The great thing about being a body cultivator is that self abuse becomes possible to a degree that belongs in my old world’s cartoons and comic books, and actually has real world benefits. I was humping a pack that contained two times my own three hundred pounds of salt, and Astrella, who was both somewhat larger and to an embarassing degree, much better balanced that I was, had a pack half again as large.

Our happy dual cultivation couple was sporting a pack carrying about three hundred pounds apiece, while the common soldiers and the poor wee single corporal were carrying a modest two hundred pounds of salt.

You may ask yourself, why are we marching through the night carrying over a ton of salt, when we are supposed to be vampire hunting? The answer of course is bees.

What have bees to do with vampire hunting? Well, that should be obvious. Bees are very hard to hunt in the daytime because they could be anywhere, flying anywhere they find something to feed on, but they must return to the nest at night. Now the nest, well, that is rather larger than a bee, and it is unable to move. Finding the nest is the easiest thing in the world. Now approaching the nest when it is full of bees is rather dangerous, bees being bees.

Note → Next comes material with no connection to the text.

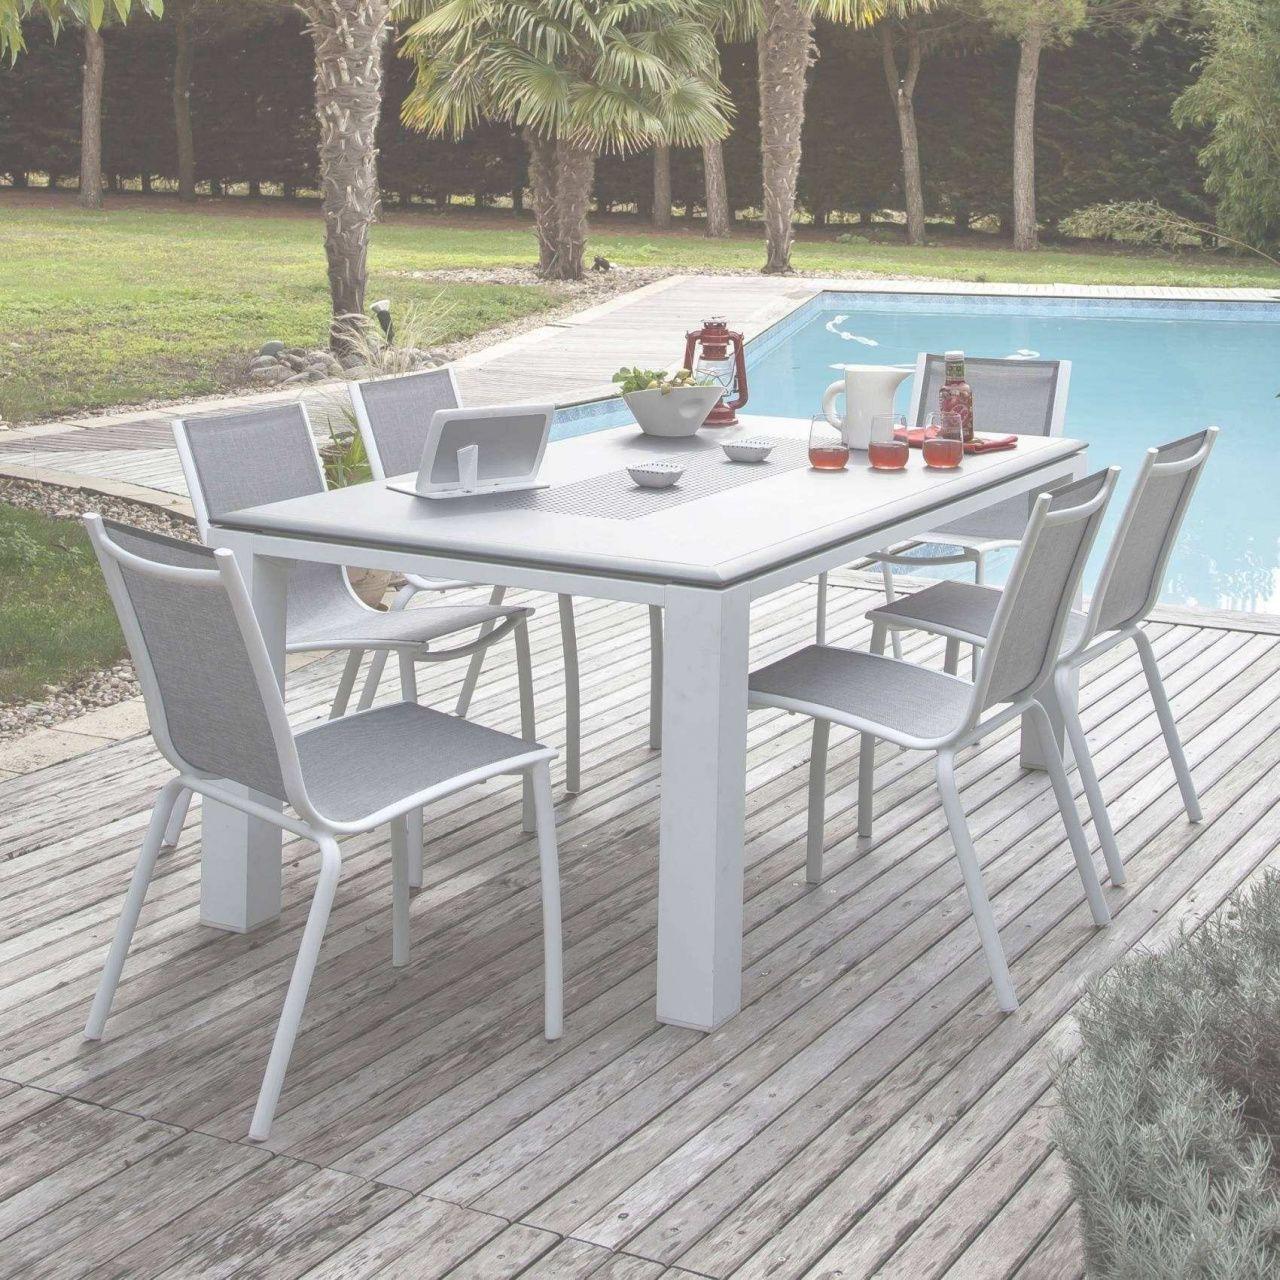 50 Centrakor Table De Jardin | Table De Jardin, Meuble Jardin pour Table De Jardin Centrakor

Your average vampire is in many ways a bee written large and somewhat gothic. Think of the vampire as combining the objectionable aspects of both wasp and mosquito and you have essentially defined the critical parts of vampire ecology from the hunter’s point of view.

You simply can’t take a platoon of twenty men and expect to approach a hive of bees and not get stung. You cannot simply disturb a nest of vampires with twenty men and not get eaten. If you go inside when they are sleeping, it is dark enough inside for them to wake.

Vampires are like bees written large and gothic in more than one respect; they are bound to return to their nest, dangerous to approach in their nest, but while bees are not able to function well outside the nest in the dark and cold, they don’t actually die from it.

Vampires do.

Only an idiot approaches a mountain that overflows with the energy of the undead, that has been sanctified to darkness and corruption, that has been made the focus of demonic energies of corruption and decay that would twist any normal living thing or disembodied elemental spirit into a nightmare of darkness and evil.

Luckily, I am such an idiot, and I brought friends!

You see, the only safe time to actually approach a bee’s nest in when the bees are busy elsewhere. The only safe time to assault a vampire’s nest at night is when the vampires are busy elsewhere, like when they are busy harvesting forty thousand dead soldiers to raise legions of shiny new undead to destroy the world and cut off the roots of the very tree of heaven itself.

Safe in this case being a military term. Military safe is like civilian suicidal, but with an expectation that anyone who actually dies is not performing up to acceptable standard and will receive a very stern note in their yearly assessment.

Most of the thousand plus vampires were out doing vampiry things. Most of the demons were out doing demon things. None of the guards were really believing anyone would be stupid enough to approach, let alone attack, the great shiny mountain of evil in the dark of a night that already screamed on the very winds with the sounds of thousands of souls in torment, and the bitter iron taste of newly shed blood.

I had twenty newbies, two actual prodigies who were one demon away from being true demon hunters, a seven foot ogress who thought my plan was stupid but decided I couldn’t be left unsupervised or I might actually die on her, and myself against whatever it is an actual Demon Lord left at home when he went away to crush the strongest sect in the Empire.

What could go wrong? How about we find out?